13.       We are clear in our mind that material piece of evidence regarding positive report of ballistic expert being relied upon by the prosecution against the appellant has not been put to him at the time of recording of his statement under Section 342, Cr.P.C so as to provide him an opportunity to explain his position in that regard and denial of such opportunity to the accused person defeats the ends of justice. It is by now a settled principle of law that a failure to comply with this mandatory requirement vitiates the trial. The case in hand is a case punishable up to life imprisonment. We have been shocked that trial Court dealt with the case in the casual manner in recording the statement of the appellant / accused under Section 342, Cr.P.C by ignoring the legal position. Trial Court has committed a glaring illegality. Omission on the part of the trial Court mentioned above was not merely an irregularity curable under Section 537, Cr.P.C but the same was a downright illegality which had vitiated the appellant’s conviction and sentence recorded by the trial Court.

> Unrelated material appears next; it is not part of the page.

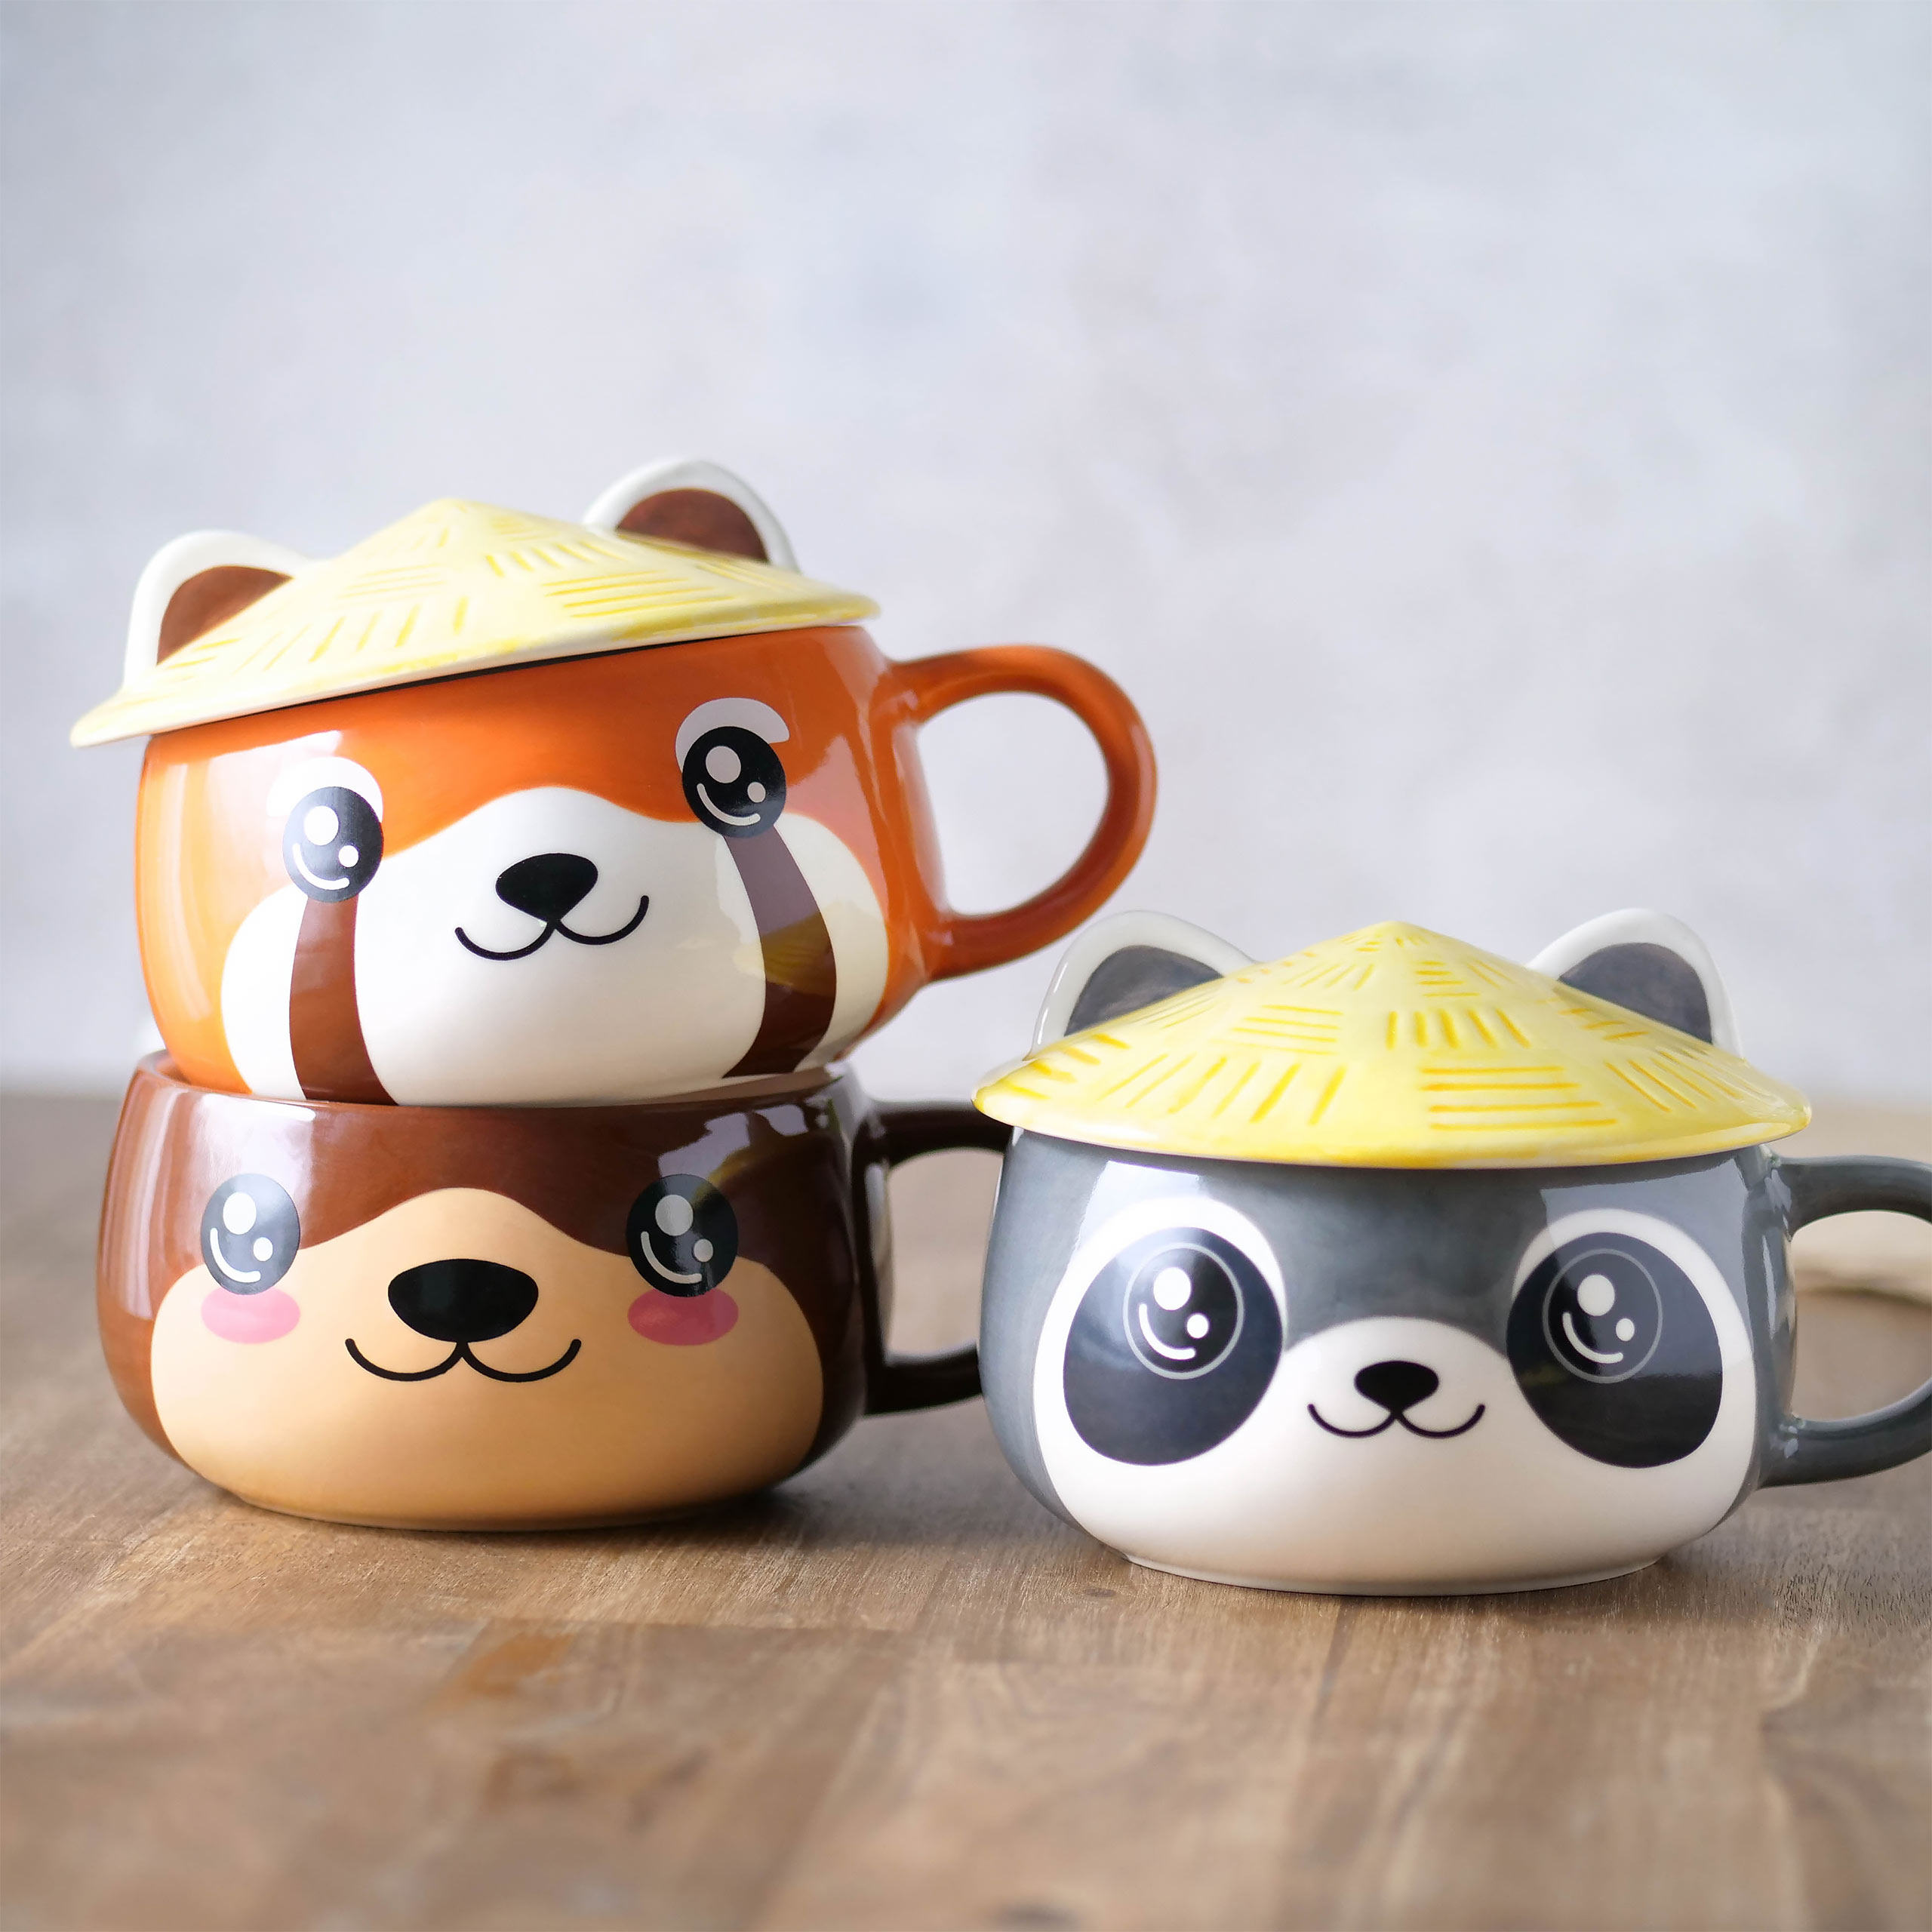 Rode Panda Kawaii Mok met Deksel voor Anime Fans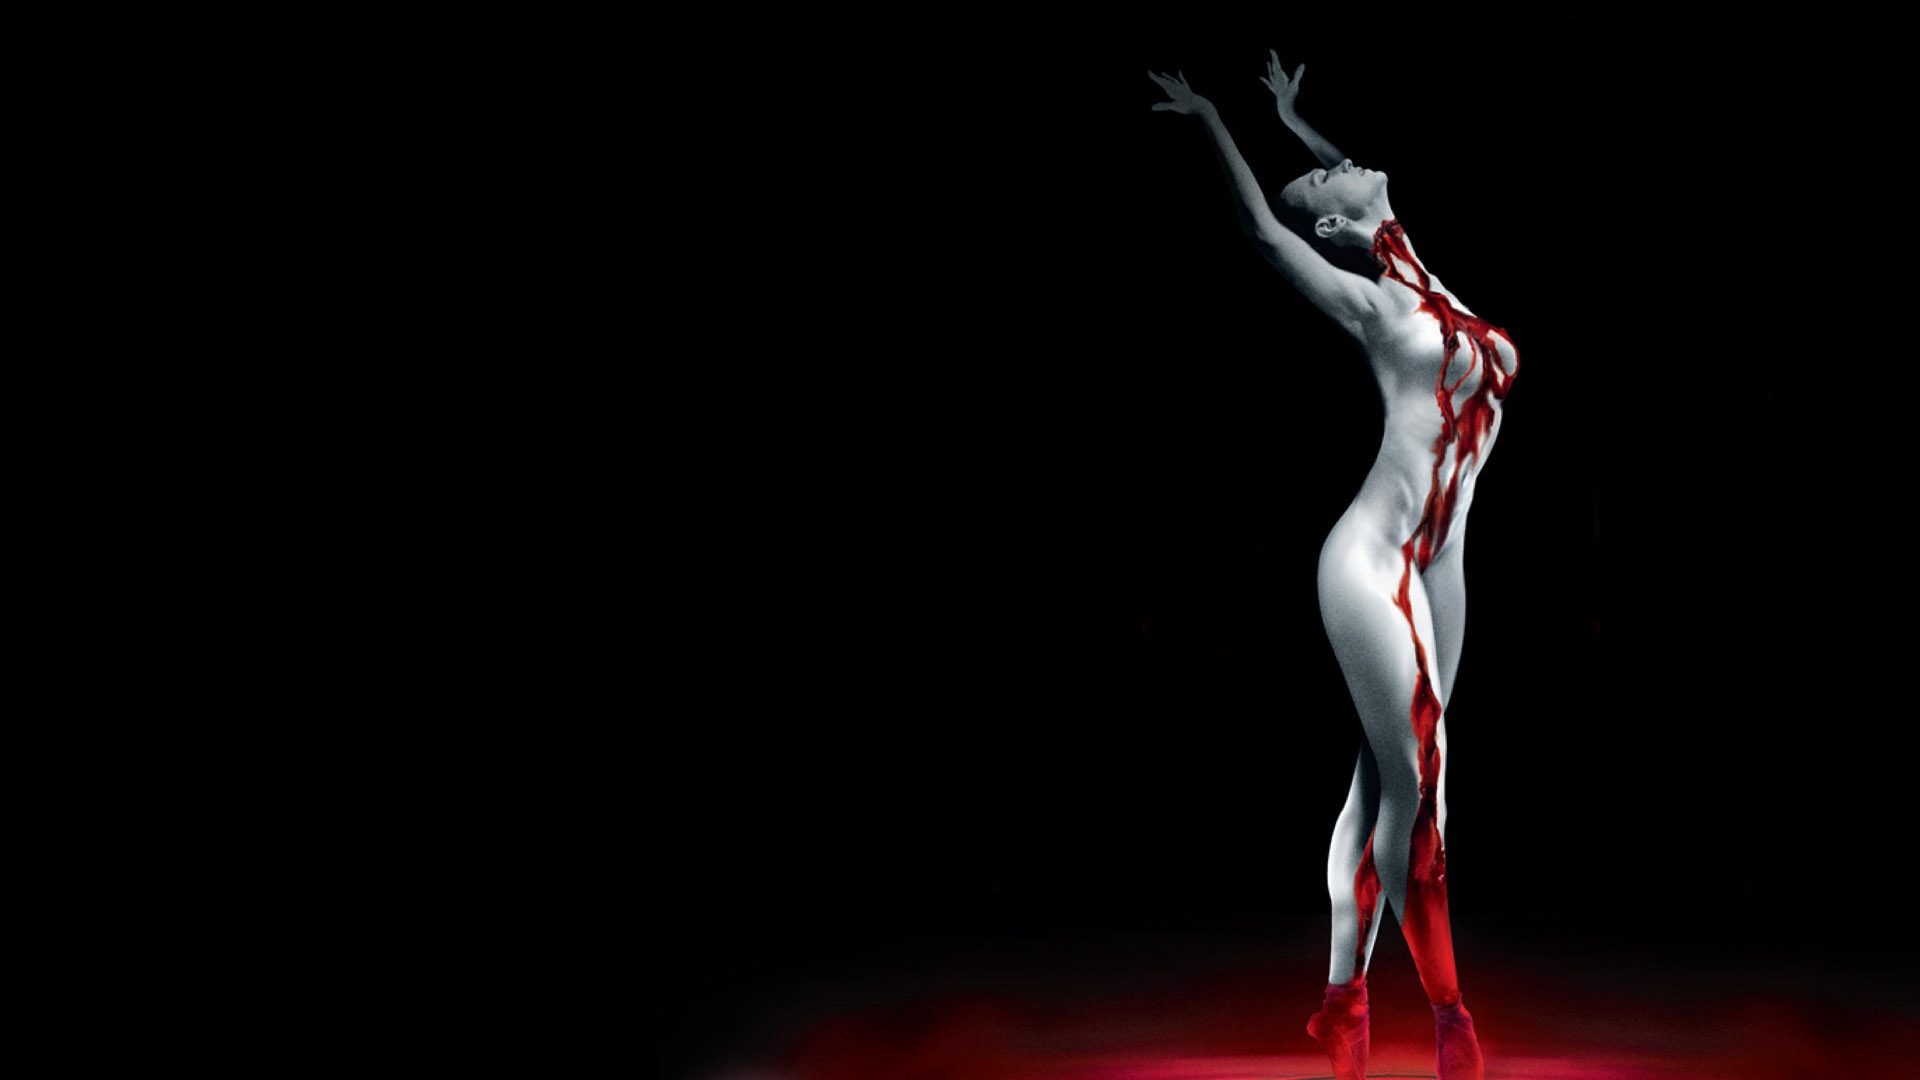 Bloody Dancer, A Wallpaper Of A Bloody Ballet Dancer - Suspiria Ballet , HD Wallpaper & Backgrounds

14.       In the view of above, Appeal is partly allowed in the above terms. Conviction and sentence recorded by the trial Court are set aside. The case is remanded back to the trial Court with direction to record the statement of the accused under Section 342, Cr.P.C afresh by putting all the incriminating pieces of evidence brought on record by the prosecution for his explanation / reply. Thereafter, trial Court shall also provide an opportunity to the accused to produce the defence, if any. After that, trial Court, after hearing the counsel for both the parties, shall decide the case within 45 days in accordance with law.

15.       Criminal Jail Appeal is disposed of in the above terms.